"Bu annem Prenses Selma'nın İstanbul'da bir sarayda başlayan hikâyesidir."
Bir masal gibi görünse de bu Osmanlı İmparatorluğu'nun son günlerinde sürgün aşk ve mücadeleyle örülü gerçek bir yaşam öyküsüdür.
Selma Avrupa'yı sarsan imparatorluğun çöküşüne tanıklık ettiğinde sadece yedi yaşındaydı. Osmanlı hanedanı sürgüne gönderildiğinde Lübnan'a yerleşti. Bir zamanlar saraylarda yetişmiş bu küçük prenses yoksulluğun içinde "yırtık çoraplı prenses" olarak anılacaktı.

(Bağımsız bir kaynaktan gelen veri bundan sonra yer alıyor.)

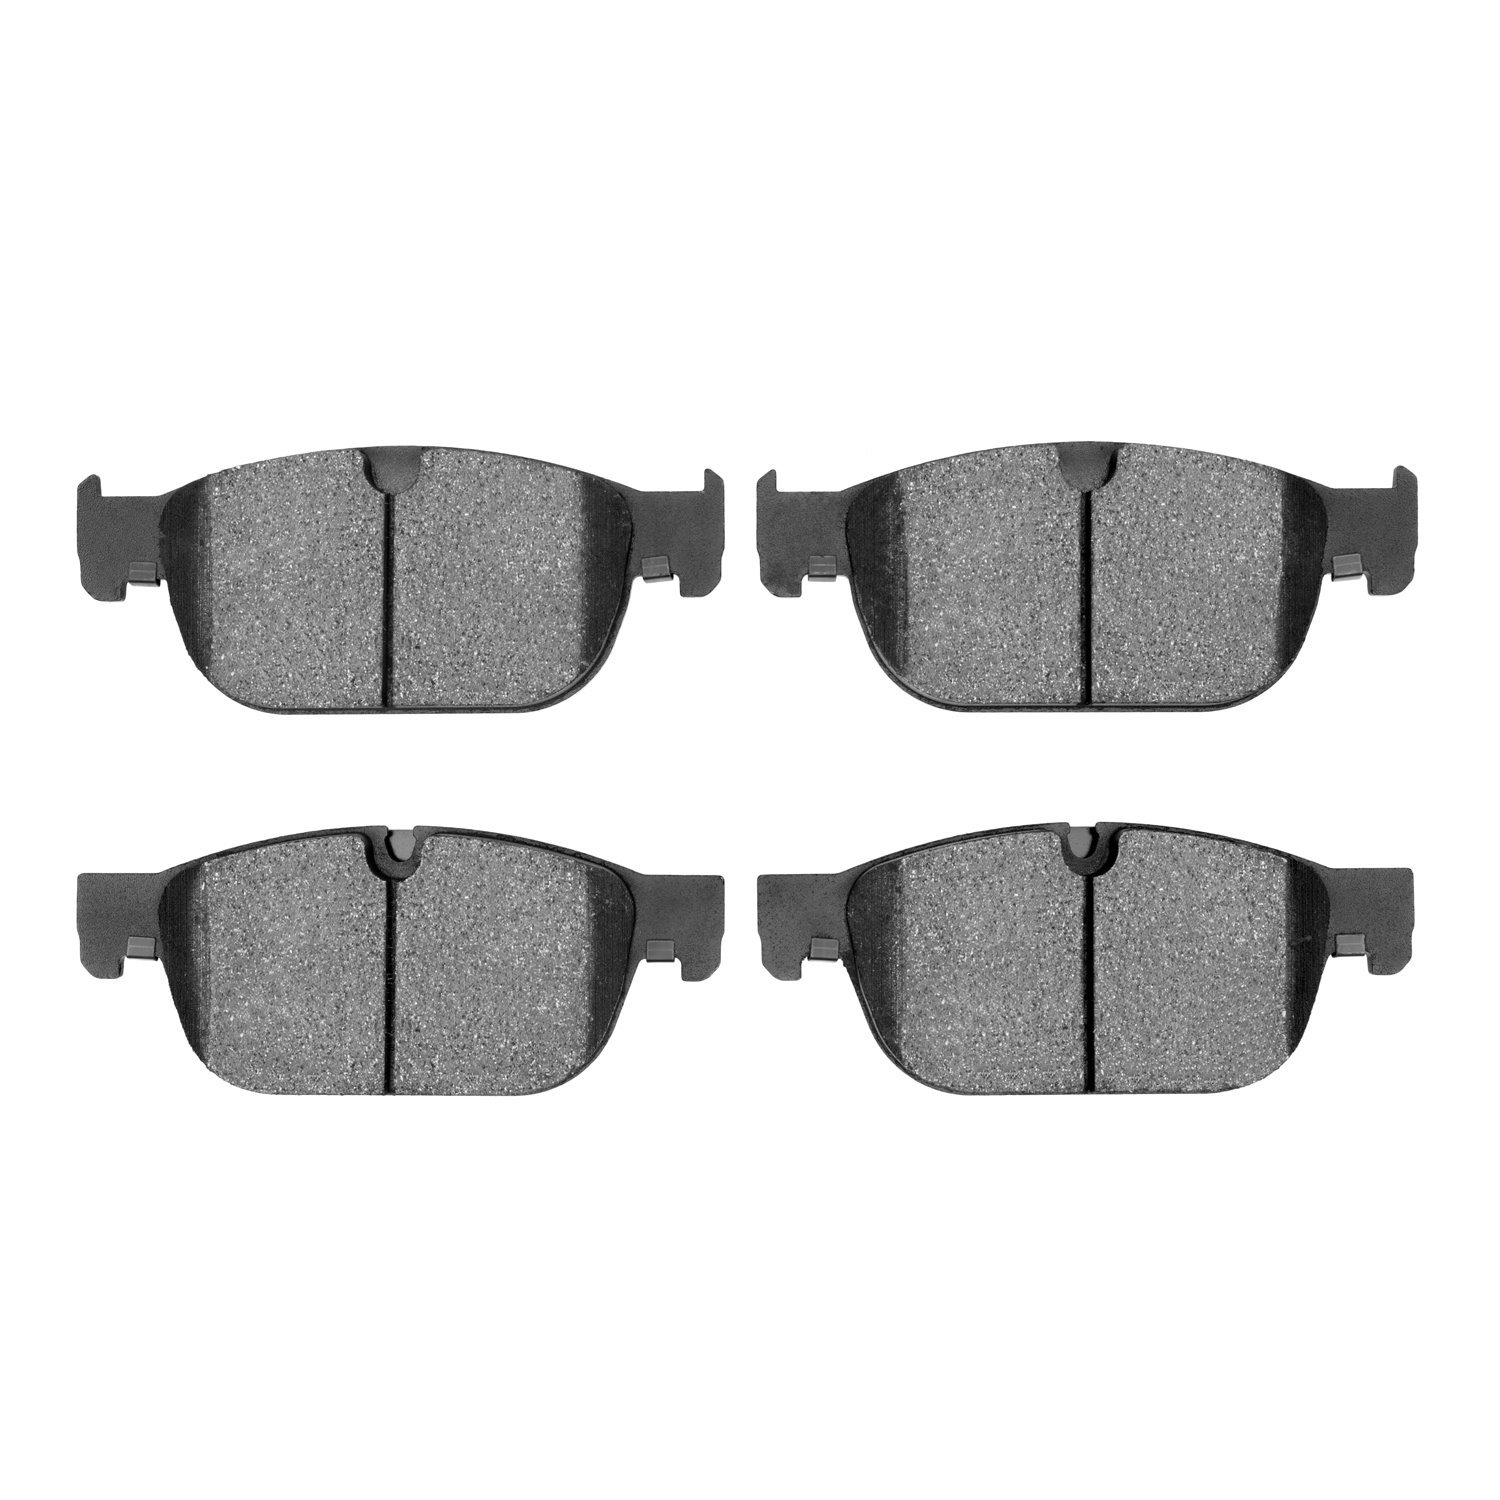 1551-1865-00 5000 Advanced Low-Metallic Brake Pads, Fits Select Multiple Makes/Models, Position: Front

Gençliğinde bir Dürzi reisine âşık oldu ancak bu aşk kısa sürdü. Ardından hiç tanımadığı bir Hint racasıyla evlenerek Hindistan'a gitti. Burada maharacaların ışıltılı dünyasını Britanya İmparatorluğu'nun çöküşünü ve Gandhi'nin bağımsızlık mücadelesini yaşadı. Ama tıpkı Lübnan'da olduğu gibi burada da "yabancı" kaldı.
Paris'e kaçtığında ise gerçek aşkı buldu ancak savaş onu sevdiklerinden ayırdı. Bir kız çocuğu dünyaya getirdikten kısa süre sonra yirmi dokuz yaşında yoksulluk içinde hayata veda etti. İşte o çocuk bu romanın yazarı Kenizé Mourad'dır.
Saraydan Sürgüne Osmanlı'nın son günlerini sarayların içinden anlatırken Beyrut'un büyük ailelerinden Hindistan'ın saraylarına uzanan bir tarih panoraması sunuyor.
"Annemin kim olduğunu bilmek istedim. Onu tanıyanlarla konuştum tarih kitaplarını gazeteleri ve aile arşivlerini araştırdım. Ama en sonunda ona yaklaşabilmek için sezgilerime ve hayal gücüme güvendim."